Fat paychecks, which used to be synonymous with the IT sector not long ago, may now be a relic of the past. Single-digit increments seem to be the new norm, which are expected to stay at least for another 3-4 years, moving forward. In consonance with the trend, the industry may hand out a hike of 6-8% in 2012-13.

In recent years, barring the 2008-09 crisis phase, the IT sector has been generous enough to award its employees with double-digit hikes in the range of 12-16%. “I feel there is a structural change in terms of salary increments. A hike of 8-10% is here to stay. The days of high double-digit hikes are over. The industry in India has grown and reached a certain level of maturity and hence, it cannot be expected to grow at the same level it grew during its infancy,” said Phaneesh Murthy, CEO, iGATE Patni, during the company’s quarterly results announcements last week.
In the IT industry, employee compensation makes up around 55-60% of total cost of operations, in which increments are often considered as the best tool to retain talent. The lingering European chaos means companies have an upper hand here as job hoppers are playing it safe by staying put. Ganesh Natarajan, CEO, Zensar Technologies, a Pune-based IT firm, said attrition for the past quarter has been the lowest for his company. “Even employees are no longer expecting huge salary hikes. The sign I am getting from them is that they would prefer to stick to one company provided it is doing fine,” he said. The industry will no longer see huge levels of increment, said Natarajan, adding that single-digit hike will be the new benchmark for the industry.
Some other IT executives who did not wish to be named said it’s the top three players which usually set the course for smaller companies. A few days ago, V Balakrishnan, CFO, Infosys, had indicated that pay increases will be in high single digits.
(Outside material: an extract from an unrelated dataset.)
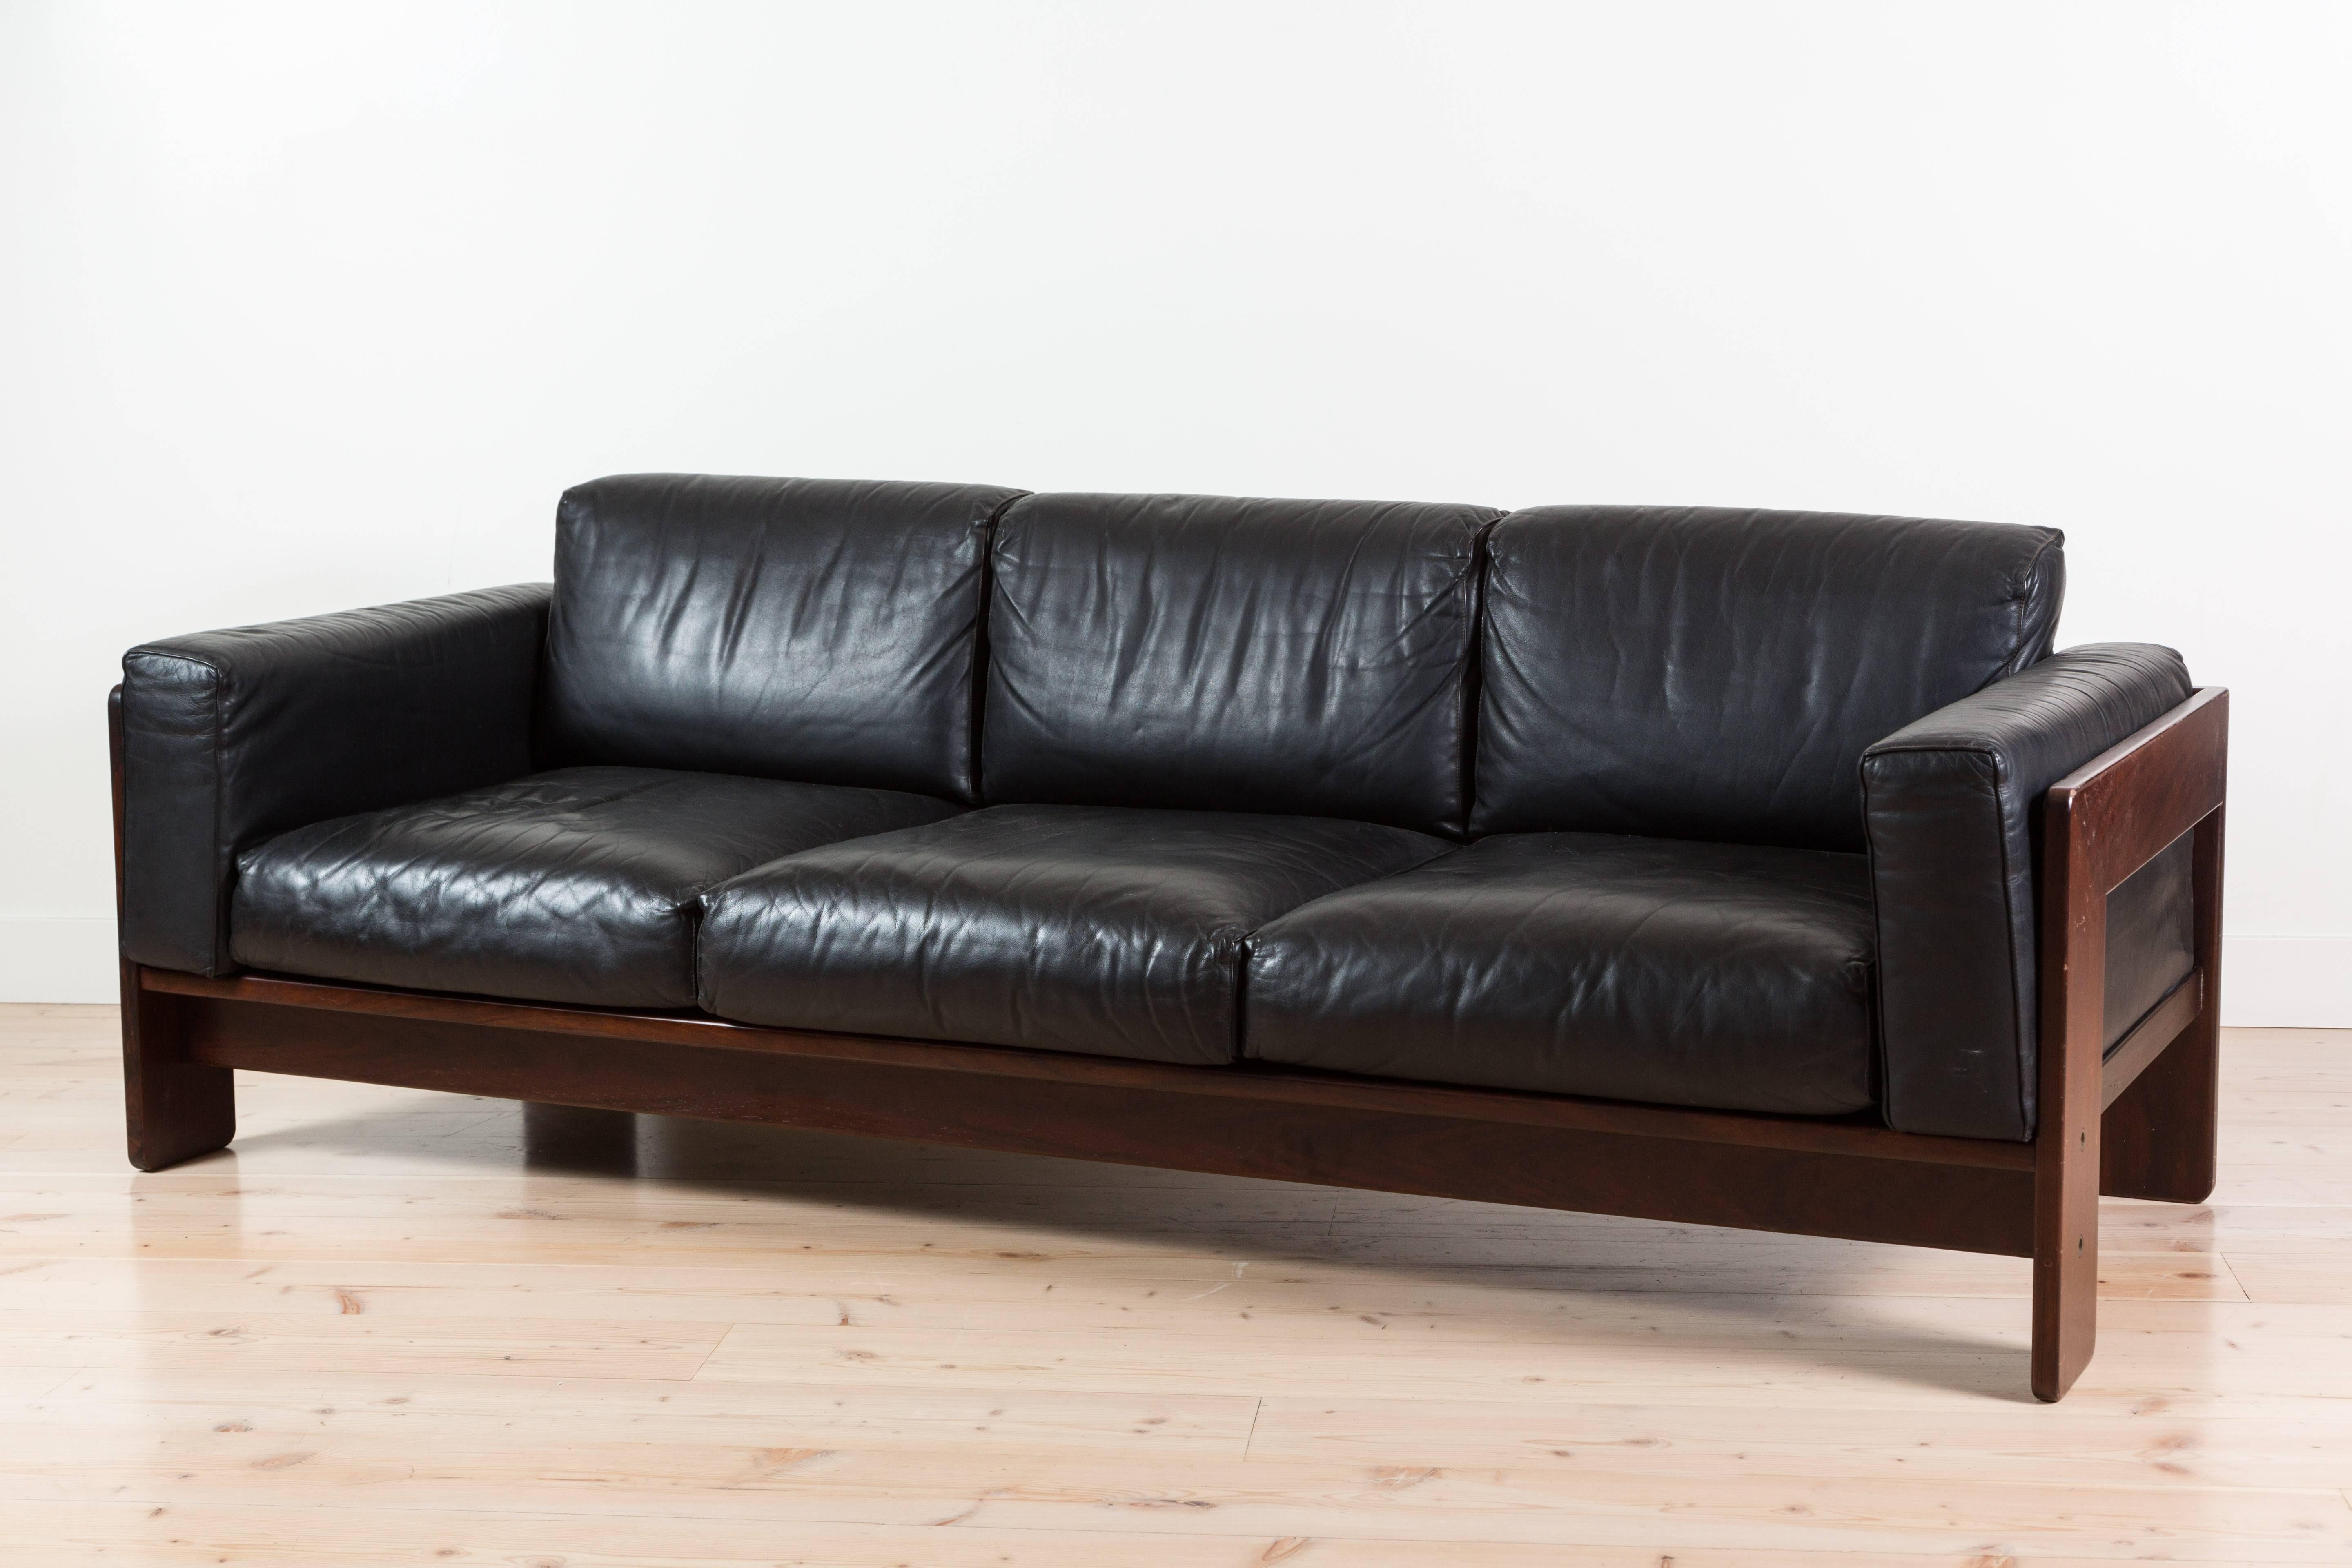 Bastiano sofa by Tobia Scarpa for Knoll. Original black leather cushions. Rosewood frame. Classic styling.

“Mid-cap companies will toe the line. Infosys, after all, is one of the leaders. Though large companies have somehow managed to sail through, small companies have benefited mainly because of the rupee depreciation. To maintain a healthy balance sheet, average cost per employee cannot go up the way it had in 2009-10. Things are a lot different now,” said an HR head of a mid-cap IT company.

Devendra Parulekar, partner, advisory and services, Ernst & Young, throws in a different perspective.

“With pricing pressure expected to continue, companies are making all possible efforts to maintain stable gross margins. Of late, the sector is undergoing structural changes on this front. The days of super fantastic growth for the industry cannot last forever, hence structural changes to maintain gross margins at current levels become imminent. Correction of the organisational pyramid in terms of leveraging lower level resources (read lower cost) and control on wage inflation are twin strategies adopted to maintain gross margins. Given this, I expect increments in single digits to continue in the near future,” said Parulekar.

Anandaorup Ghose, head, executive compensation and governance, Aon Hewitt, sounds slightly sceptical, who thinks companies cannot leverage much in terms of number of employees when it comes to reducing overall costs. His prescription is to bring down the overall compensation level. “IT companies have to remain competitive. Compensation is a critical cost and the CFO has little choice but to maintain a balance in terms of overall cost per employee,” he added.